There’s a good chance that your college-bound student will acquire a credit card while at college. Indeed, more than half of all college students have a credit card in their own name. For most students, one or two credit cards that are widely accepted should be plenty. In selecting a credit card, advise your children to look for key features, such as:

  • Low interest rates or finance charges (also known as APR or “annual percentage rate”).
  • Low or no annual fee, if possible.
  • A grace period before finance charges are incurred.
  • Other benefits, such as free gas or extended warranties on purchases.

Liability Protections for Card Carriers

If your credit or debit card has been lost or stolen or you suspect unauthorized purchases have been made to your account, you should contact the card issuer immediately.

If the lost or stolen card is a MasterCard credit card or debit card, you are protected in the event of unauthorized use of the card. This protection is known as “Zero Liability,” meaning that the cardholder is not responsible for those unauthorized purchases. Zero Liability is in effect for consumer cards* when:

  • The account is in good standing.
  • The cardholder has exercised reasonable care in safeguarding the card.
  • The cardholder has not reported two or more incidents of unauthorized use in the past 12 months.

If you have a card other than a MasterCard, contact the issuer to determine its liability policy.

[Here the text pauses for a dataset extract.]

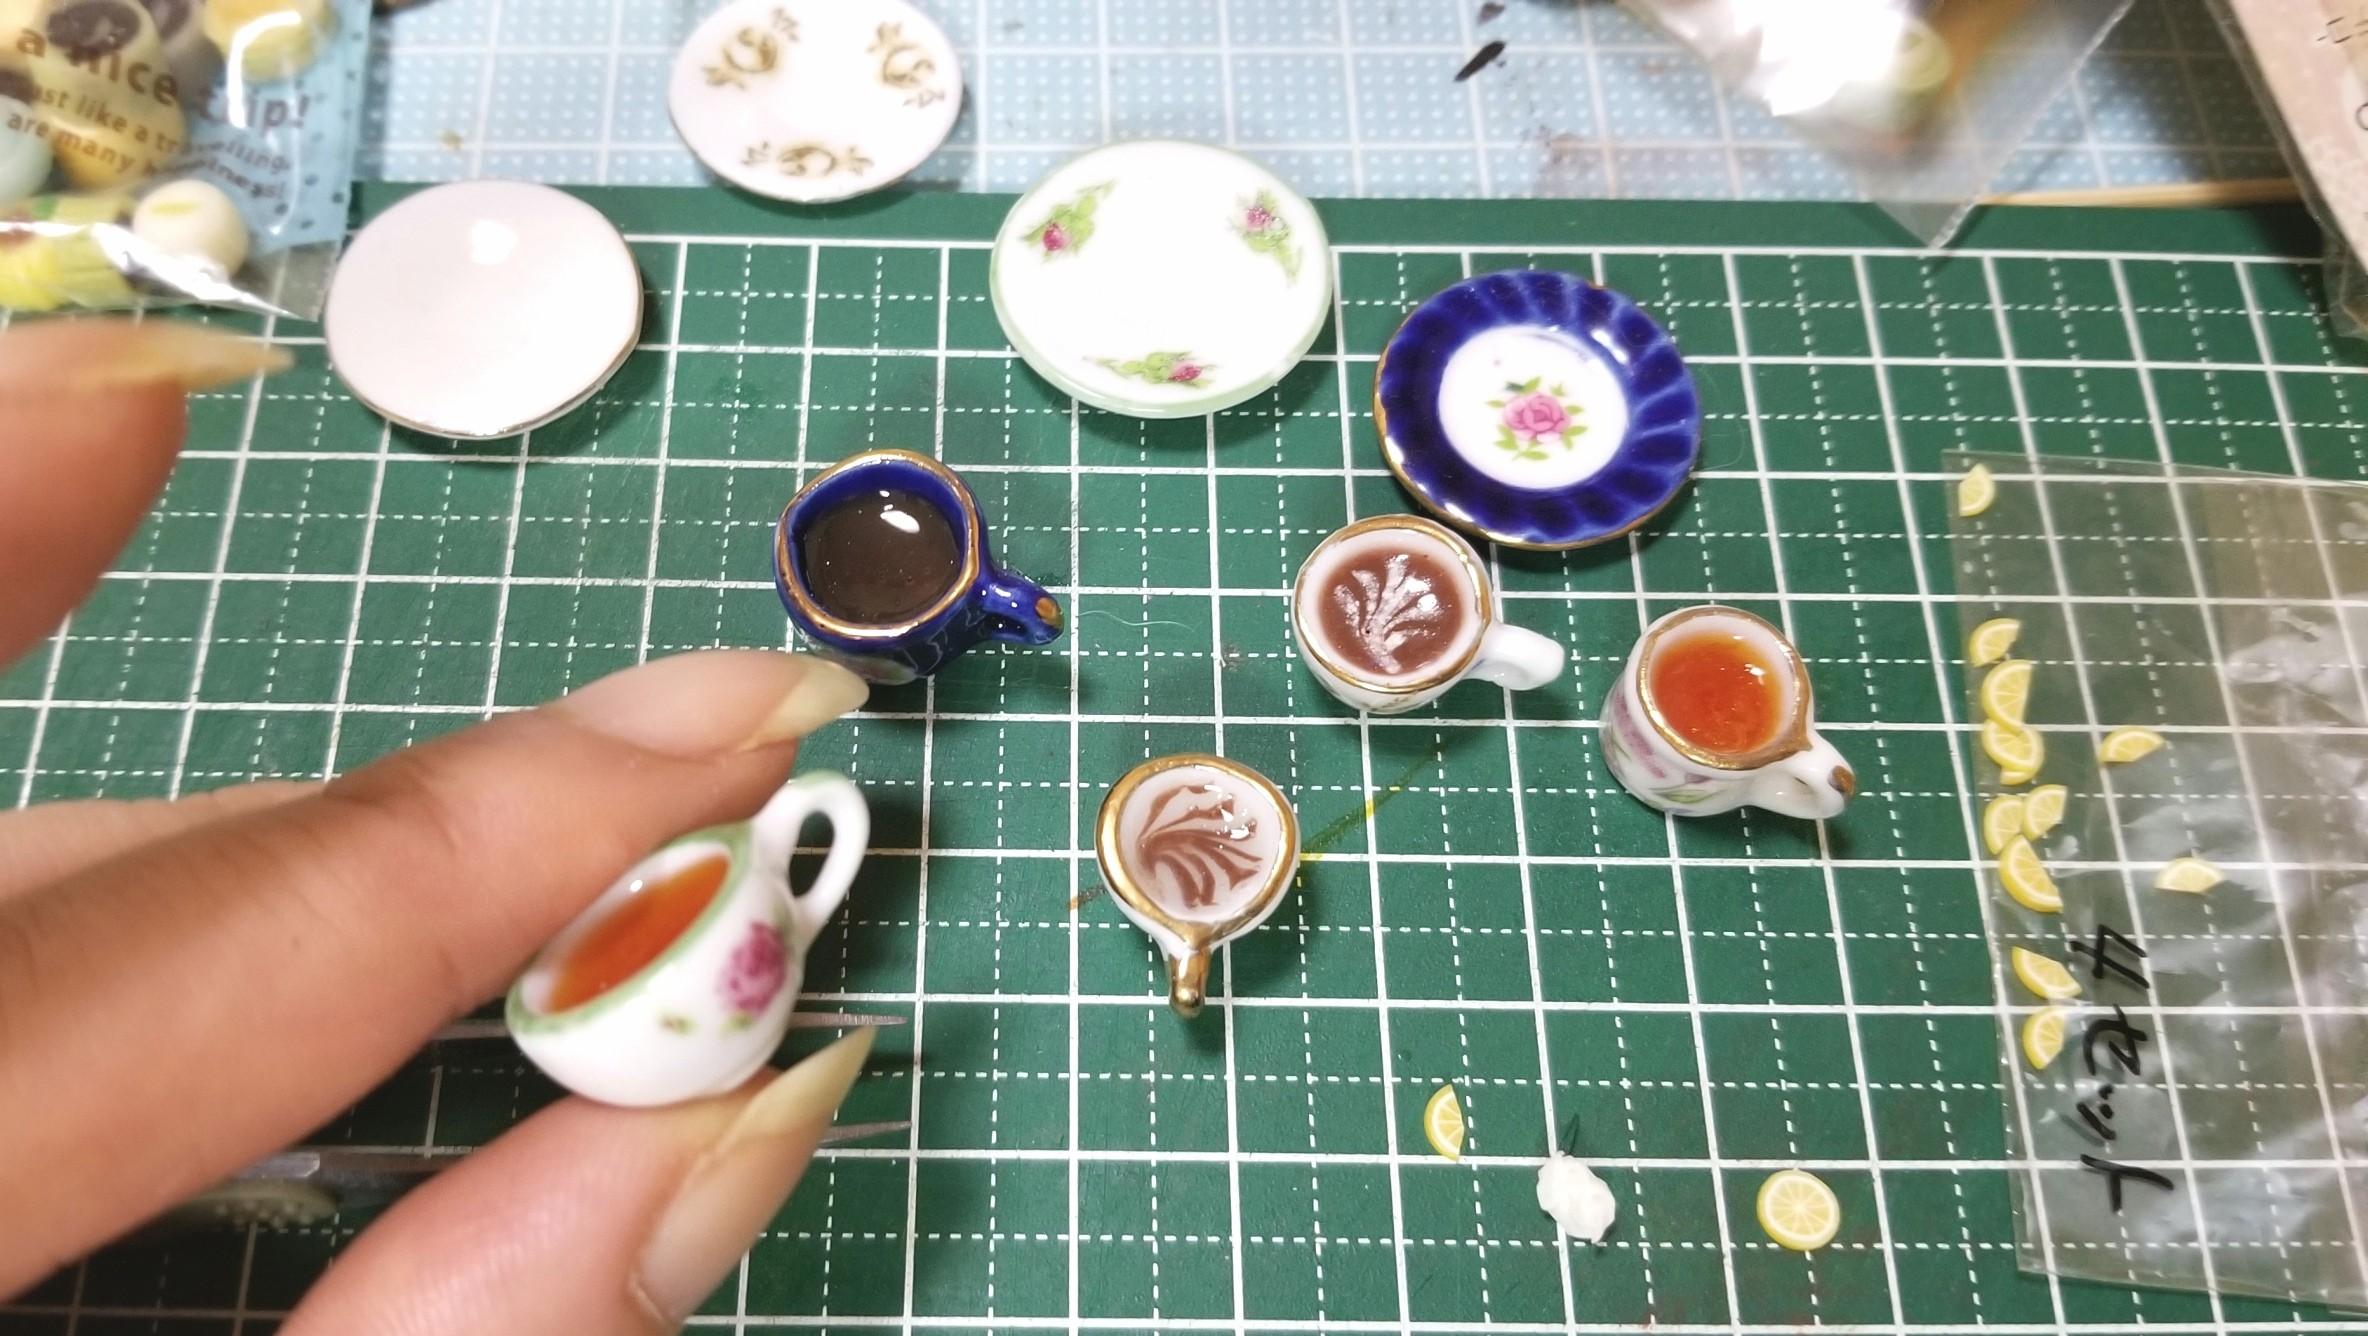 よもぎのミニチュアフード,製作過程,作業風景,飲み物の作り方,レジン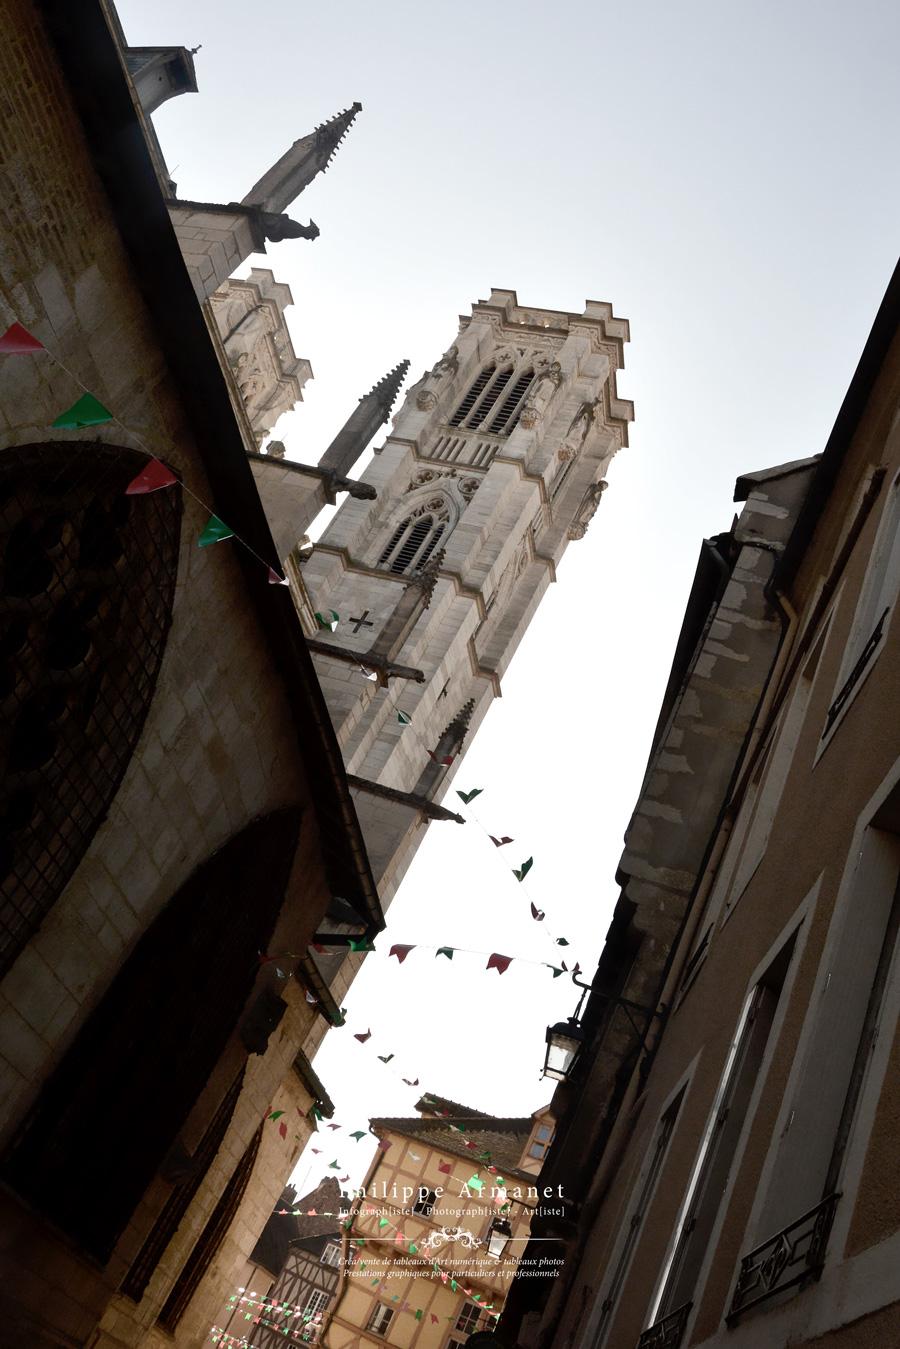 La Cathédrale de Chalon-sur-Saône

It should be noted that if a smart card is lost or stolen, it is the same as losing cash.

*Zero Liability does not apply to commercial cards or PIN-based transactions not processed by MasterCard.

College Students and Credit

Contrary to popular belief, the majority of college students pay off their monthly balances right away.2 In fact, when used wisely and responsibly, credit cards offer many benefits to college students. For your children, a credit card can:

  • Establish a credit history.
  • Provide security in emergencies.
  • Eliminate the need to always carry cash.
  • Increase personal responsibility and independence.

How well your student learns to manage their personal finances will help determine what card features will benefit them most. For example, if the credit card will be used regularly for purchases (such as books, supplies and monthly expenses), then selecting a card with a lower interest rate will be more appropriate, especially if the card balance may be carried over occasionally from month-to-month. The interest rate becomes less important if the card will be used primarily for emergencies or only periodically and the balance will be paid-in-full. For the latter situation, a card with no annual fee may be the best choice.

Fees can be an important issue for the novice credit user because late payment, over-the-limit and cash-advance fees can add up if students are not carefully monitoring their spending and payment habits.

Shop around. Competition among the issuers of credit cards has created a buyer’s market and card features can vary significantly from one issuer to the next. While a student who has no credit history may not yet qualify for the very best deals on the market, many issuers have established programs especially for college students.

Advise your student to always seek help or advice when necessary. If there is ever trouble with making credit card payments or questions about charges on their bill, students should contact the issuer of the card and explain the problem. Credit information is also available to students on-line at www.creditalk.com. Budget and credit advice is also found from a local Consumer Credit Counseling Service or online from Myvesta.org (formerly Debt Counselors of America).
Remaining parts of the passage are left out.